[Entries shown]
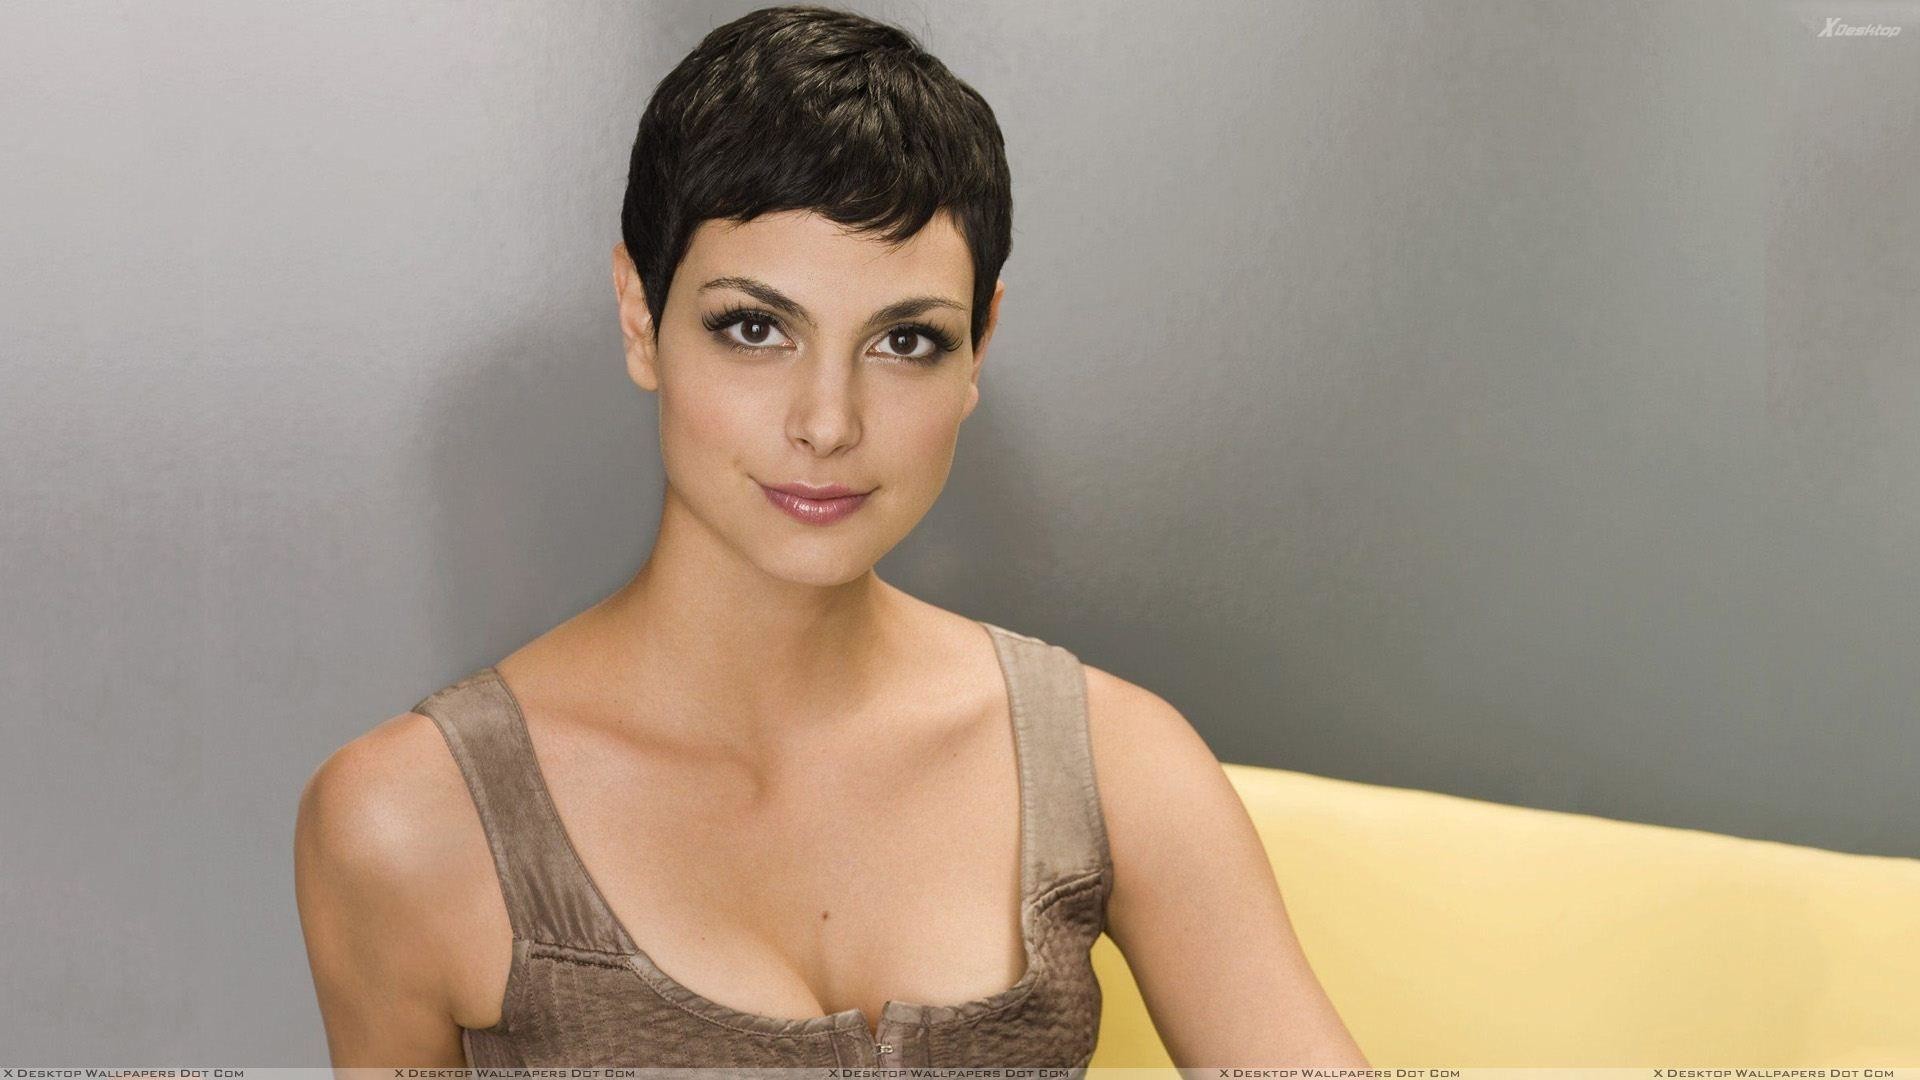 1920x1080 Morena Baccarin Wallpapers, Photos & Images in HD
...
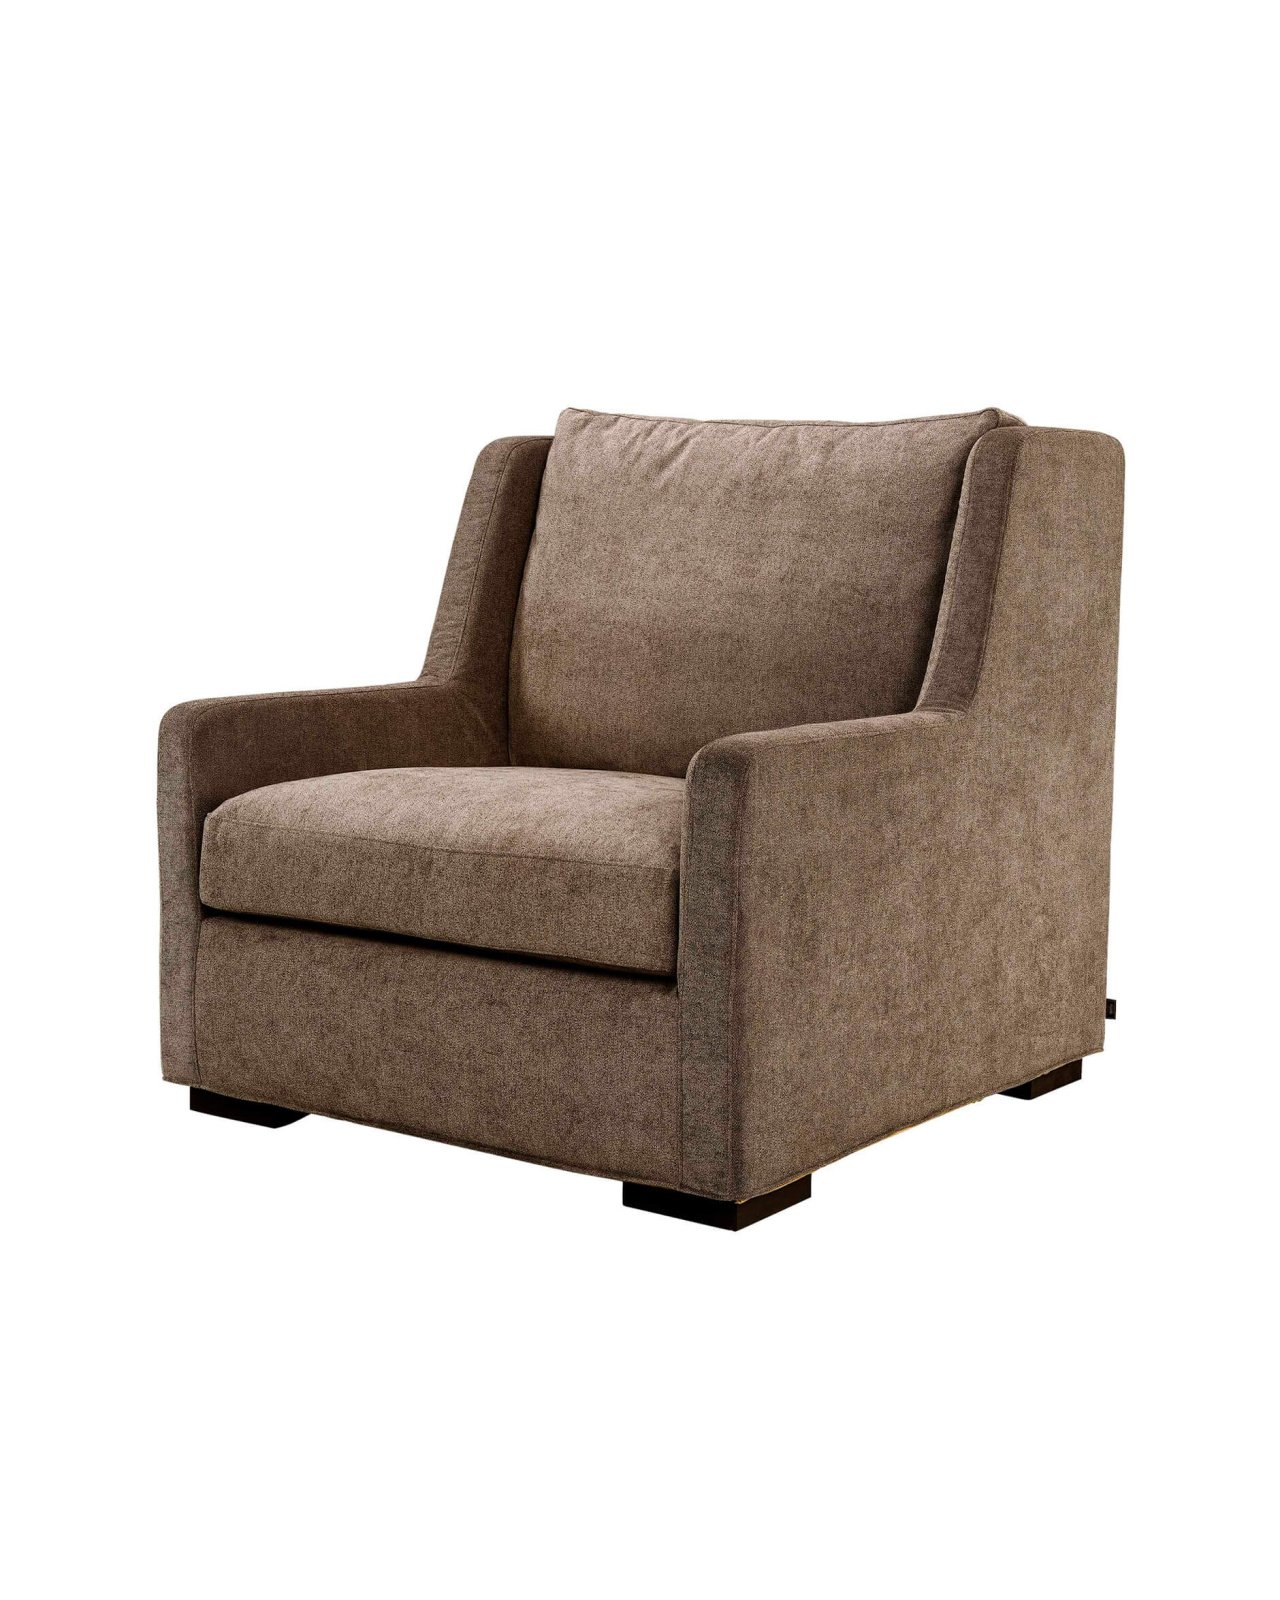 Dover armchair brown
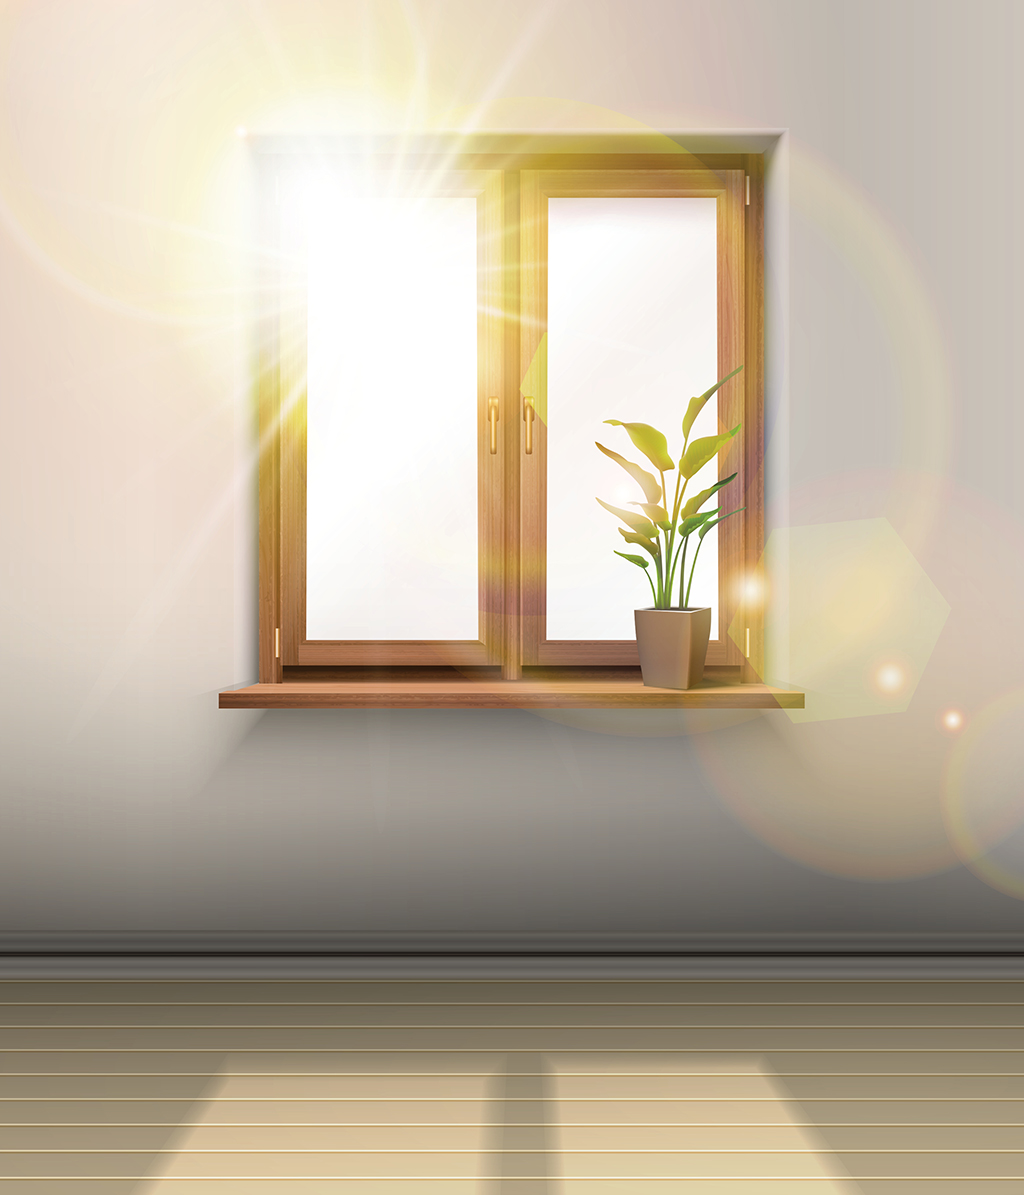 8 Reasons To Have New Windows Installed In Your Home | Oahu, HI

[About this task]
Would you set down only the lines above from the line with "Dover armchair brown" to the line with "8 Reasons To", both included, exactly as they stand and without the pictures?

[Reply to the exercise]
 Dover armchair brown
 8 Reasons To Have New Windows Installed In Your Home | Oahu, HI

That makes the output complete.